*** Block opens ***

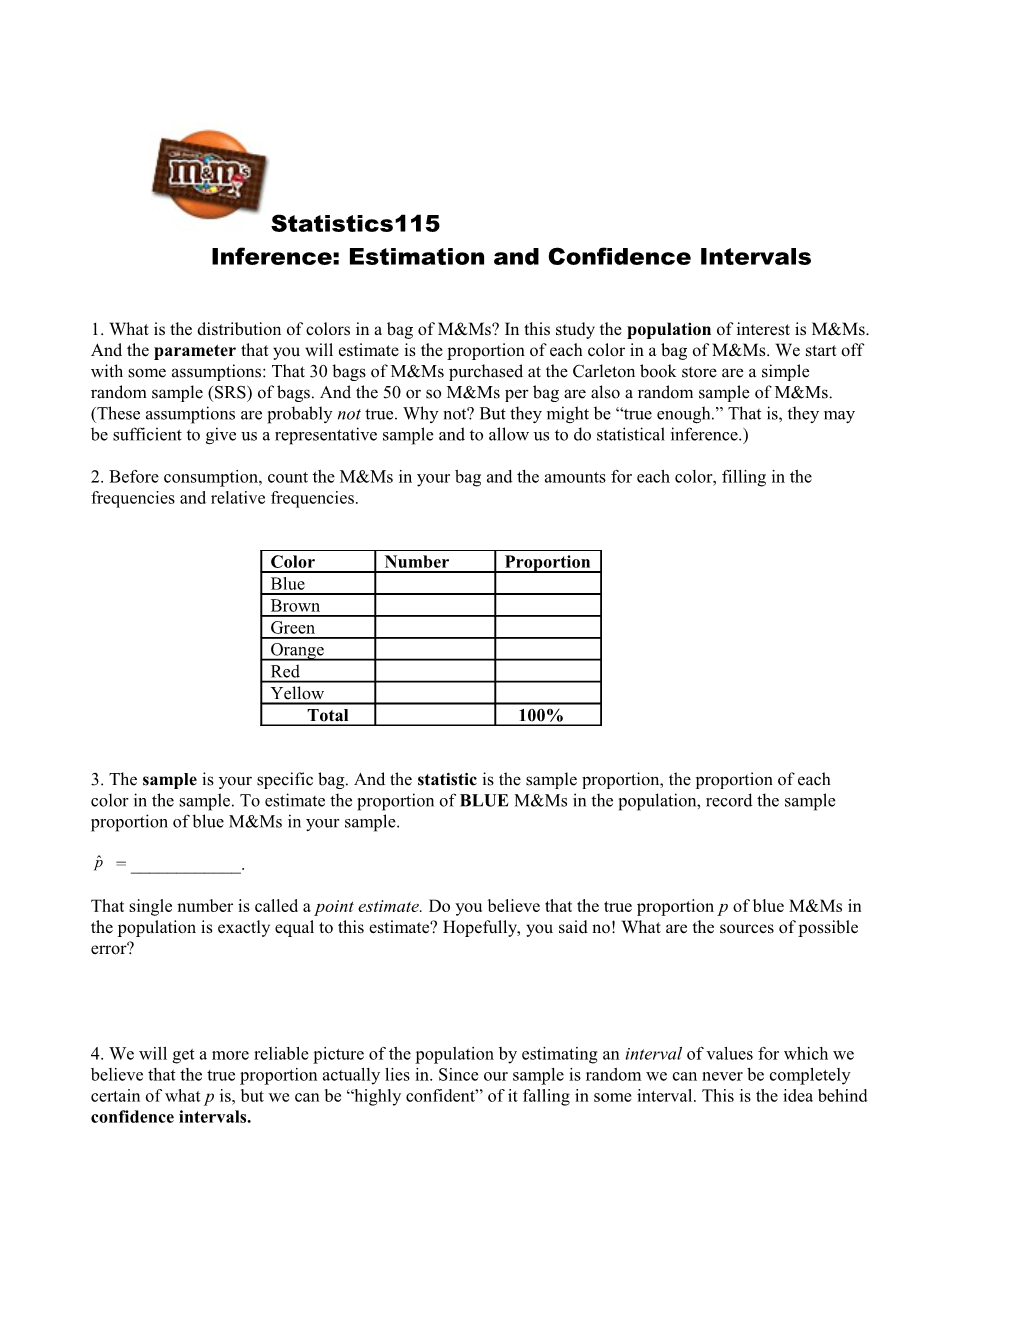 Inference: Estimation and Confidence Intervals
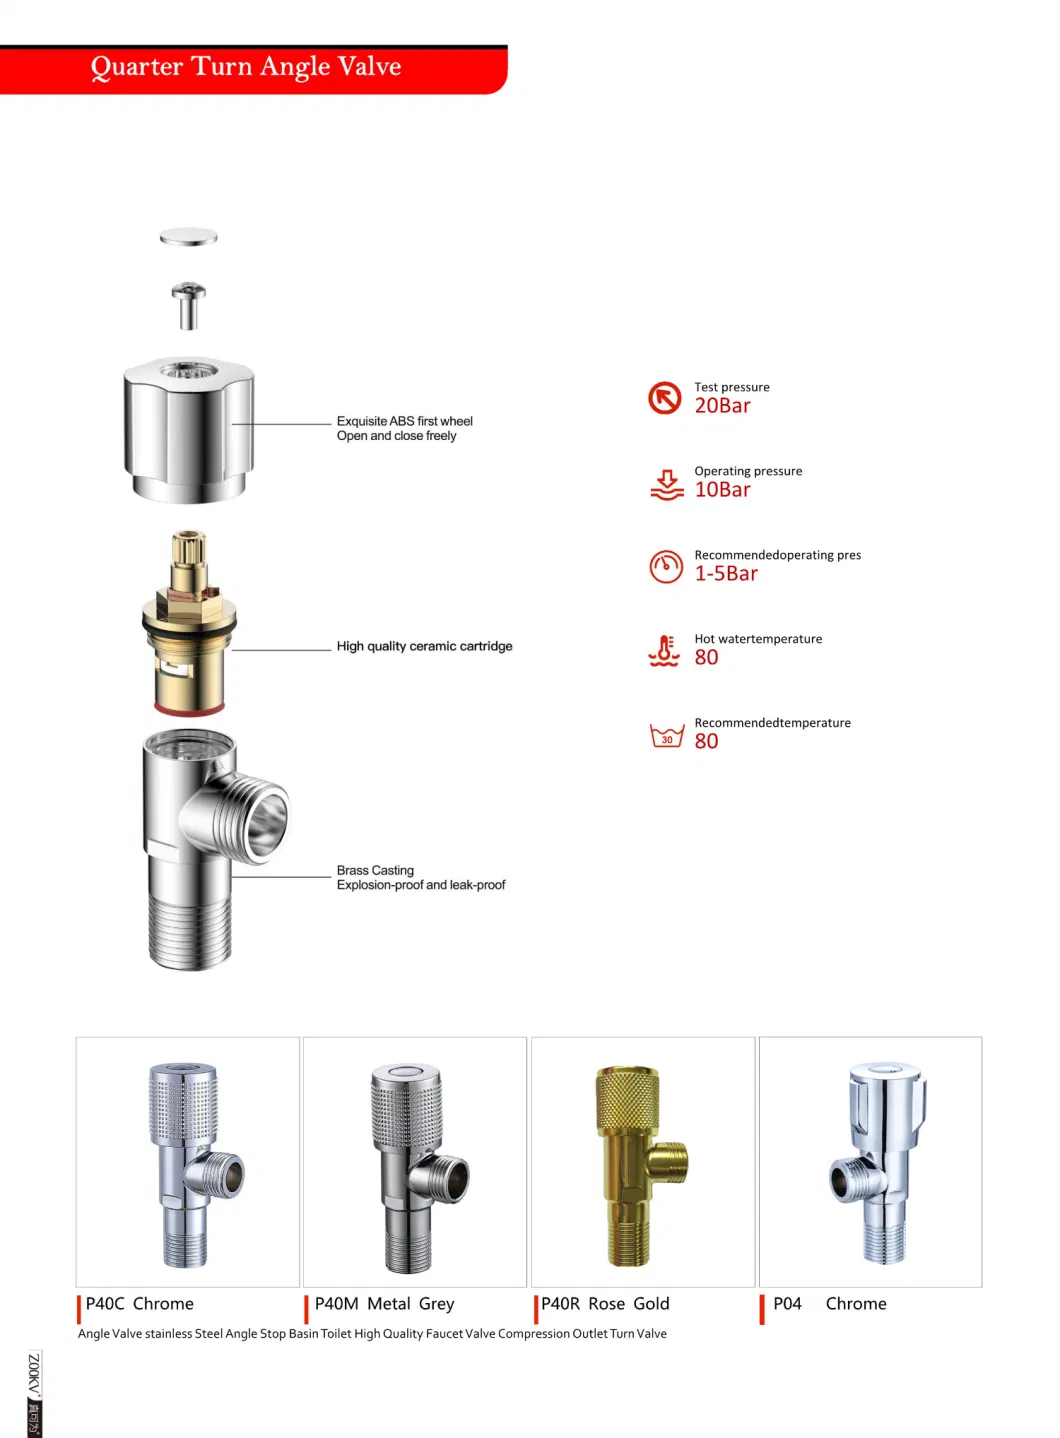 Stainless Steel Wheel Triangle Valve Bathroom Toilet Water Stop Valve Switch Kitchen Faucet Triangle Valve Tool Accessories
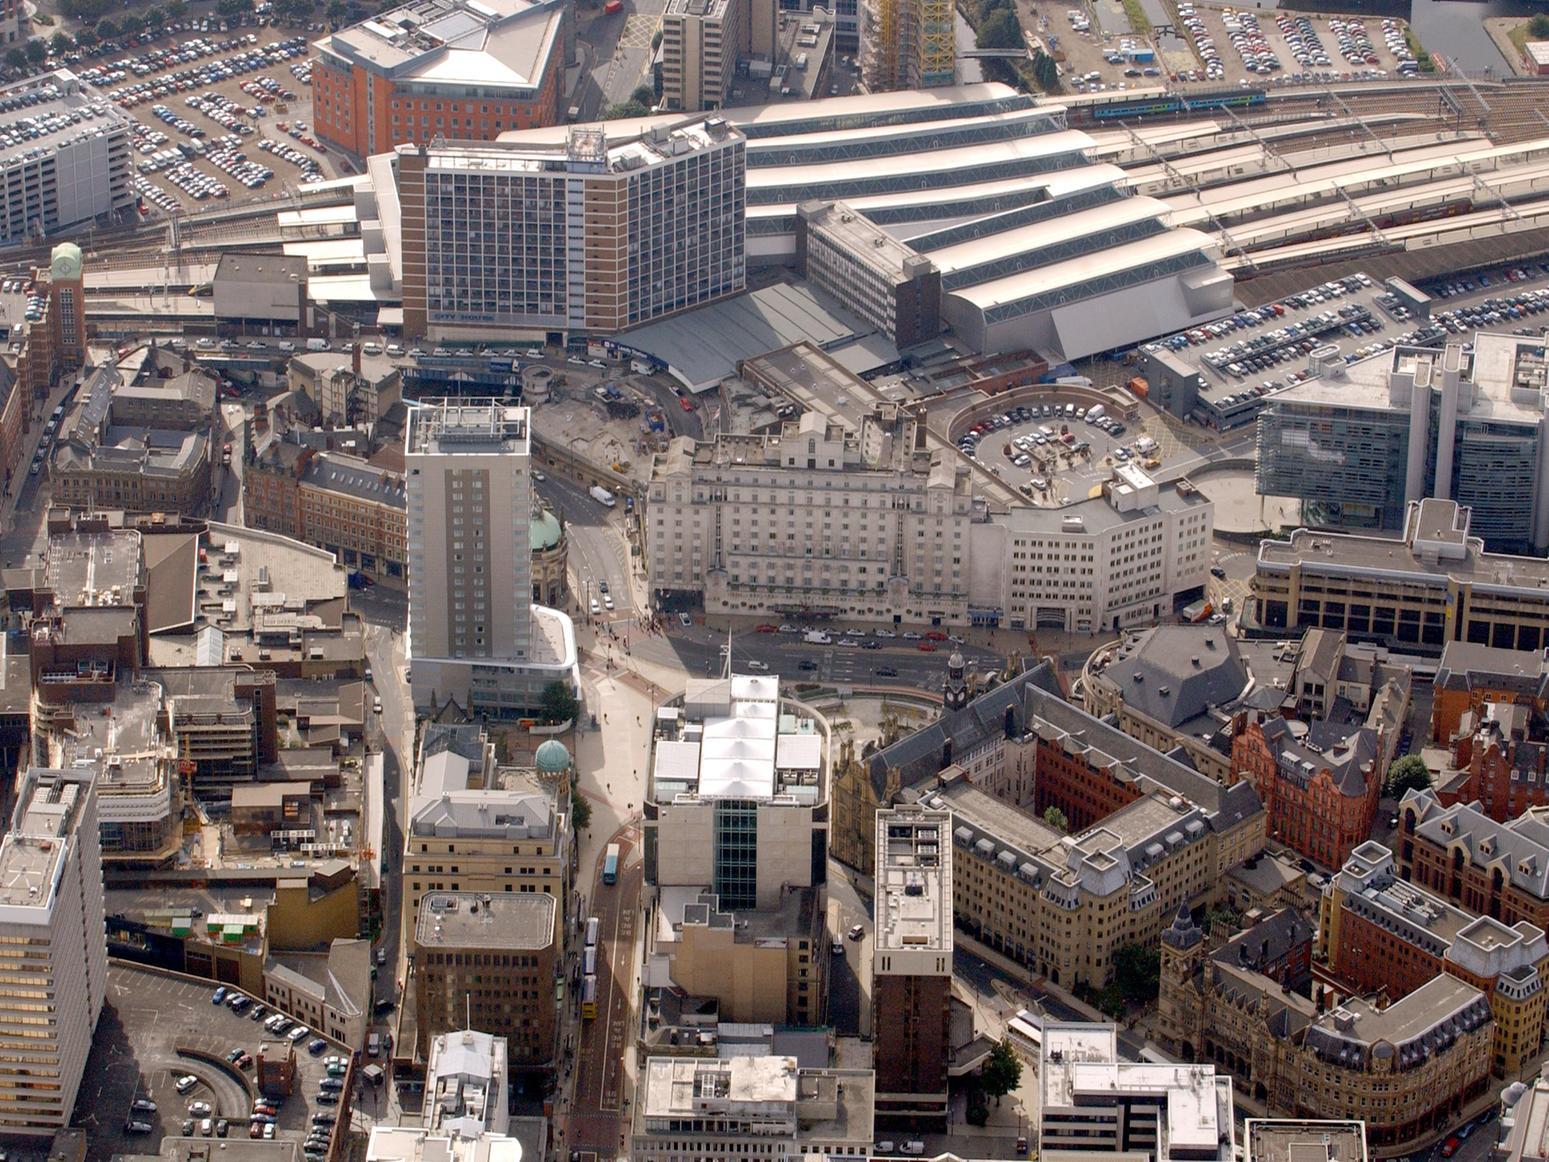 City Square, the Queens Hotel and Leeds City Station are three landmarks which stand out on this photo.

*** Block closes ***

What is needed ▸ Leaving out the pictures, output each line above exactly as it is.

Response for this exercise ▸
 Inference: Estimation and Confidence Intervals
 Stainless Steel Wheel Triangle Valve Bathroom Toilet Water Stop Valve Switch Kitchen Faucet Triangle Valve Tool Accessories
 City Square, the Queens Hotel and Leeds City Station are three landmarks which stand out on this photo.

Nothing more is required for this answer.